Епископы Иллирика не собрались на местный собор, чтобы просаботировать указ Юстиниана и не подписать его.
Зоил Александрийский, взявший обратно свою подпись под указом василевса, был низложен Юстинианом (551 г.) и в неканоническом порядке замещен Аполлинарием.
Создалось впечатление, что император не просто «расчищает путь» к искомому соборному разрешению вопроса, но в целой серии актов власти предвосхищает желательное решение и хочет сделать излишним самый собор. Он пишет обстоятельный полемический трактат. A коварный Аскида убеждает его сделать из трактата новый эдикт и опять возвратиться к методу сбора подписей под царским эдиктом. Прослышав о новой затее, папа протестовал, но на протест не обратили внимания. Эдикт под заглавием «Ομολογία της πίστεως» с выводами в форме 15 анафематизмов рассылается по всей империи для вывешивания на дверях церквей (551 г.). Задача — предрешить вопрос о виновности трех глав, с мотивами, попутно опровергающими западную аргументацию. И надо признать, в большинстве случаев — серьезно и обоснованно. На тезис о непозволительности анафематствовать умерших Юстиниан возражает фактами. Церковь анафематствовала древних еретиков (Валентина, Василида, Керинфа) и недавних, как Евномия, посмертно. Из западных сам Августин писал, что если бы Цецилиан мыслил вопреки церкви, то он отлучил бы его и по смерти.
Если запретить осуждать, то, значит, надо запретить и оправдывать. A как же тогда быть с посмертным оправданием и прославлением осужденного при жизни св. Иоанна Златоуста?
Говорят, Феодор Мопсуестийский умер в общении с церковью. Но упускается из виду невидимая сторона церкви. Te, кто мыслит нечестиво, уже реально отпали от церкви. И исследование на месте доказало, что его собственная церковь изгладила память о нем из диптихов.

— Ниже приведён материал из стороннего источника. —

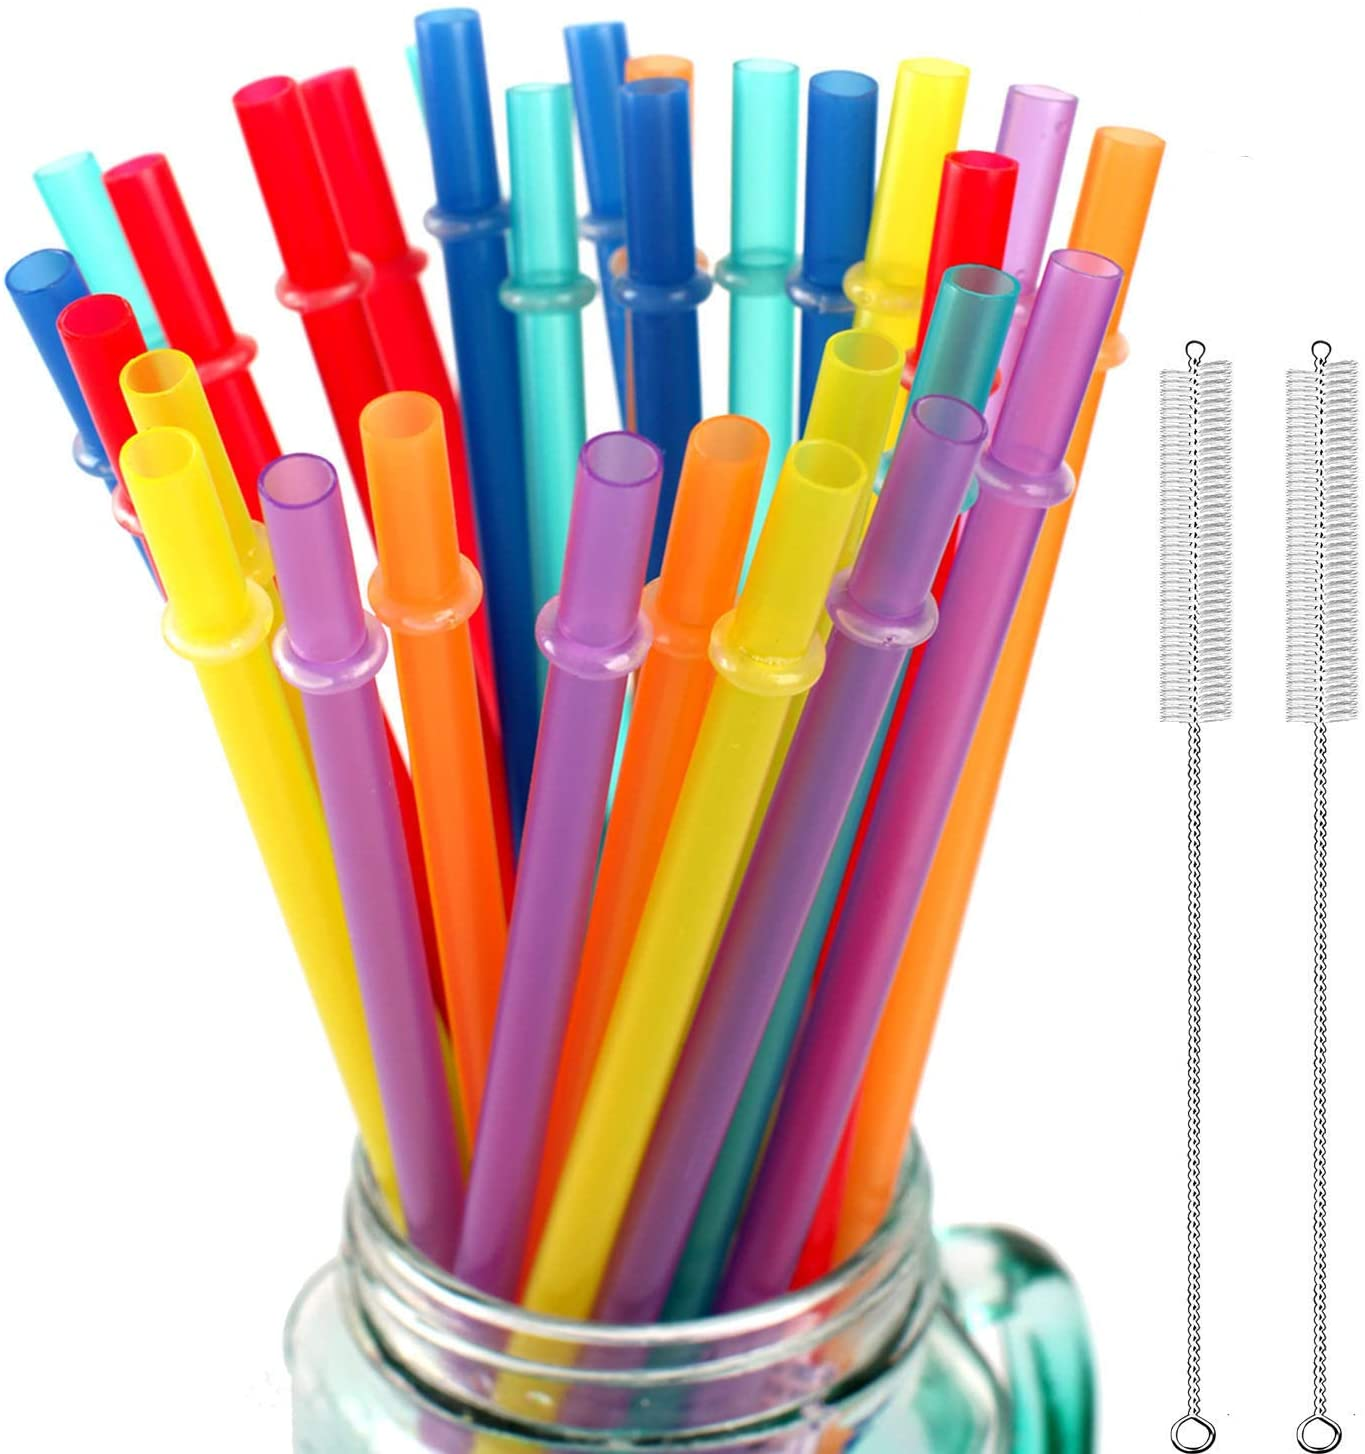 Reusable Straws Market Growing Popularity and Emerging Trend

Ссылаются на то, что о Феодоре хорошо отзывались Иоанн Антиохийский с его собором и даже сам Кирилл Александрийский. Но все такого рода частичные и попутные положительные ссылки и отзывы не решают вопроса в целом. И святые — папа Дамасий, Афанасий Великий, Василий Великий почтительно ссылаются на Аполлинария, и св. Лев Великий одобряет Евтиха, но все это было только до момента, пока не вскрылся еретический замысел этих лиц. И св. Кирилл последующими опровержениями Феодора аннулировал свою прежнюю наивность. Было время, когда Иоанн Антиохийский и его собратья-епископы были врагами св. Кирилла и защитниками Нестория. A в 433 г. отказались от своих ошибок и объединились с Кириллом. Словом, Юстинианова аргументация была основательной, несмотря на грубополитическое подавление стихии и нарушение процедуры подлинной церковной соборности.
Но вероломное отступление от предсоборного договора с папой и западными епископами теперь подняло и вполне оправдывало негодующий, упорный протест Запада. Это Юстинианово «исповедание» (Ομολογία) явилось и для папы Вигилия моментом критическим. Он преодолел свое прежнее малодушие и, опираясь на ясно определившееся соборное мнение всего Запада, вступил на путь достойного сопротивления грубому давлению «Кесаря». Дворец Плакидии во Втором Риме превратился в Латеран Рима Первого. Здесь для всего западного епископата образовался центр сопротивления. Началось с торжественного предложения папе — принять «Омологию» императора. Делегация последнего вызывающе возглавлялась самим Феодором Аскидой. Вигилий отказал в подписи и умолял Юстиниана взять свой акт до собора обратно. A Датий Миланский, как глава автономного диоцеза, присоединил к этому свое заявление: «Я протестую от себя и от имени епископов Галлии, Бургундии, Испании, Лигурии, Эмилии и Венеции и объявляю, что всякого, подписавшего это исповедание, мы отлучаем от общения с нами, ибо ясно, что этот документ наносит удар Халкидонскому собору и кафолической вере». Вигилия и Датия в их протесте подкрепил опять прибывший в Константинополь из Рима Пелагий. При его поддержке Вигилий заявил, что он разрывает общение с патриархом Миной.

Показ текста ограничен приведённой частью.